Toward a Broadband Parameterization Scheme for Estimating Surface Solar Irradiance: Development and Preliminary Results on MODIS Products

Abstract

A broadband parameterization scheme for estimating surface solar irradiance (SSI, ~ 0.3–4.0 μm) is developed based on extensive radiative transfer simulations on a diversity of atmospheric conditions. In the new scheme, the accumulated SSI arriving at the surface is considered as a whole, but the different radiative attenuations, such as the ozone absorption, permanent gas absorption, water vapor absorption, Rayleigh scattering, aerosol absorption and scattering, and cloud absorption and scattering, are accounted for separately. In particular, for the cloud radiative attenuations, the single scattering and multiple scattering of clouds are parameterized respectively to improve the accuracy. Compared with the complicated spectral radiative transfer model of LibRadtran (Emde et al., 2016, https://doi.org/10.5194/gmd-9-1647-2016), more than 90% of the SSI discrepancies are within ±5%, which means in theory the new parameterization scheme is very accurate. When the broadband parameterization scheme is practically applied to Moderate Resolution Imaging Spectroradiometer (MODIS) products, the validation results indicate that the high-quality instantaneous SSI can be thus acquired.

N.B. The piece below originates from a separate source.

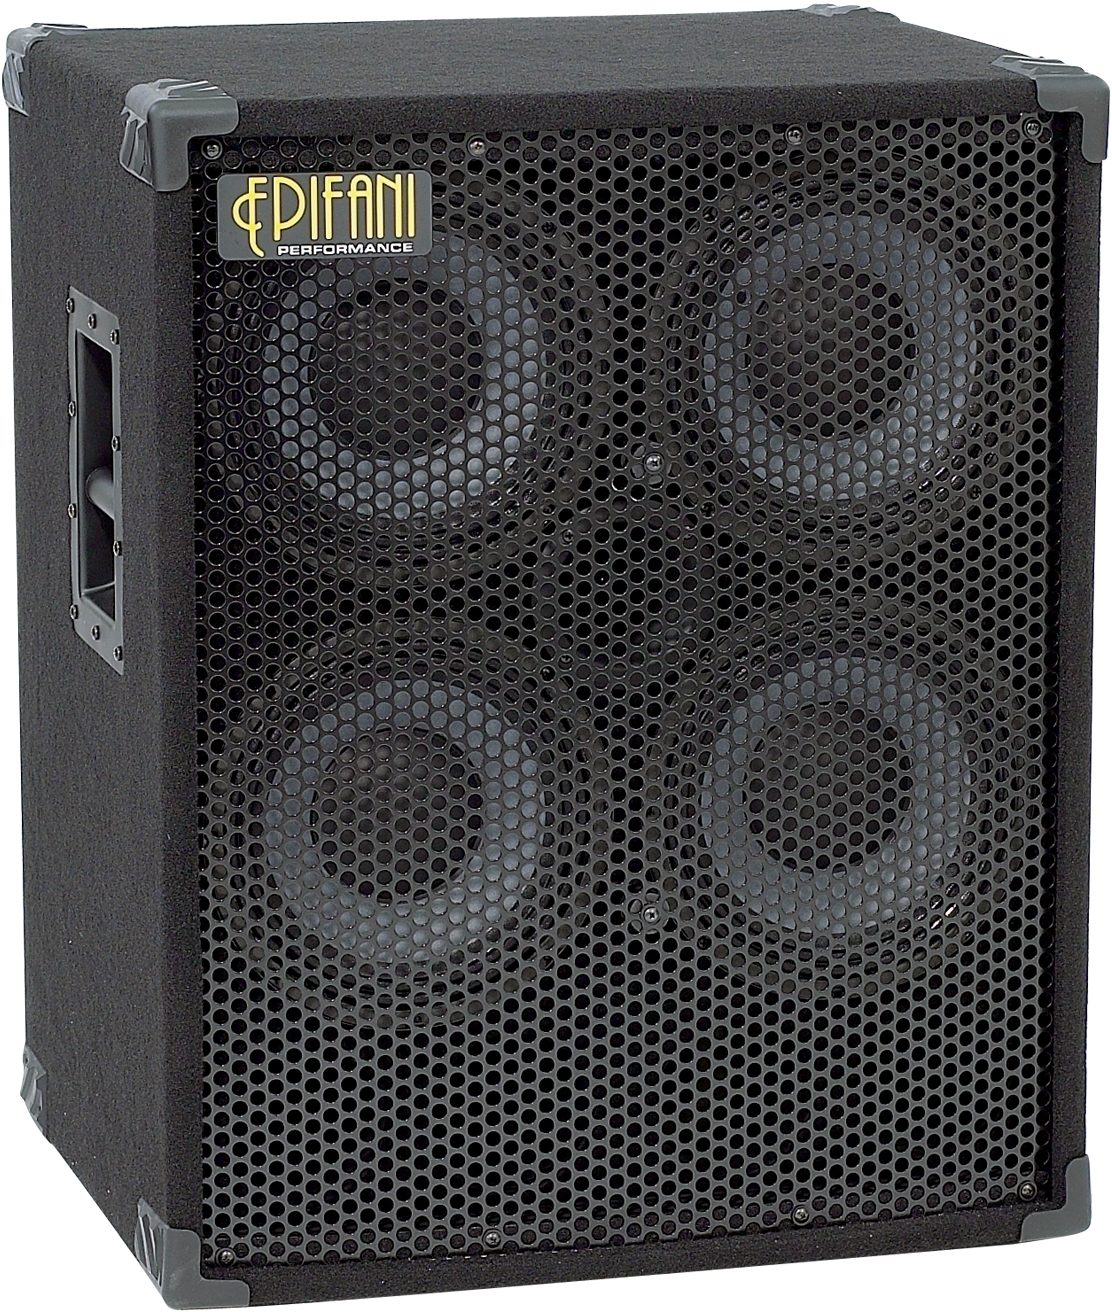 Epifani PS410 Bass Cabinet | zZounds

At eight sites over China, R2 ranges from 0.86 to 0.96 and all RMSEs lie within 100 W/m2, while at seven sites over the United States, R2 fluctuates within the range of 0.82–0.94 and the RMSEs at most sites are <90 W/m2, with the exception of Table Mountain. The performance of the new parameterization scheme is comparable to those of more complicated methods such as the look-up-table methods and the δ-two-stream approximation methods. But it is more attractive due to its simplicity and efficiency.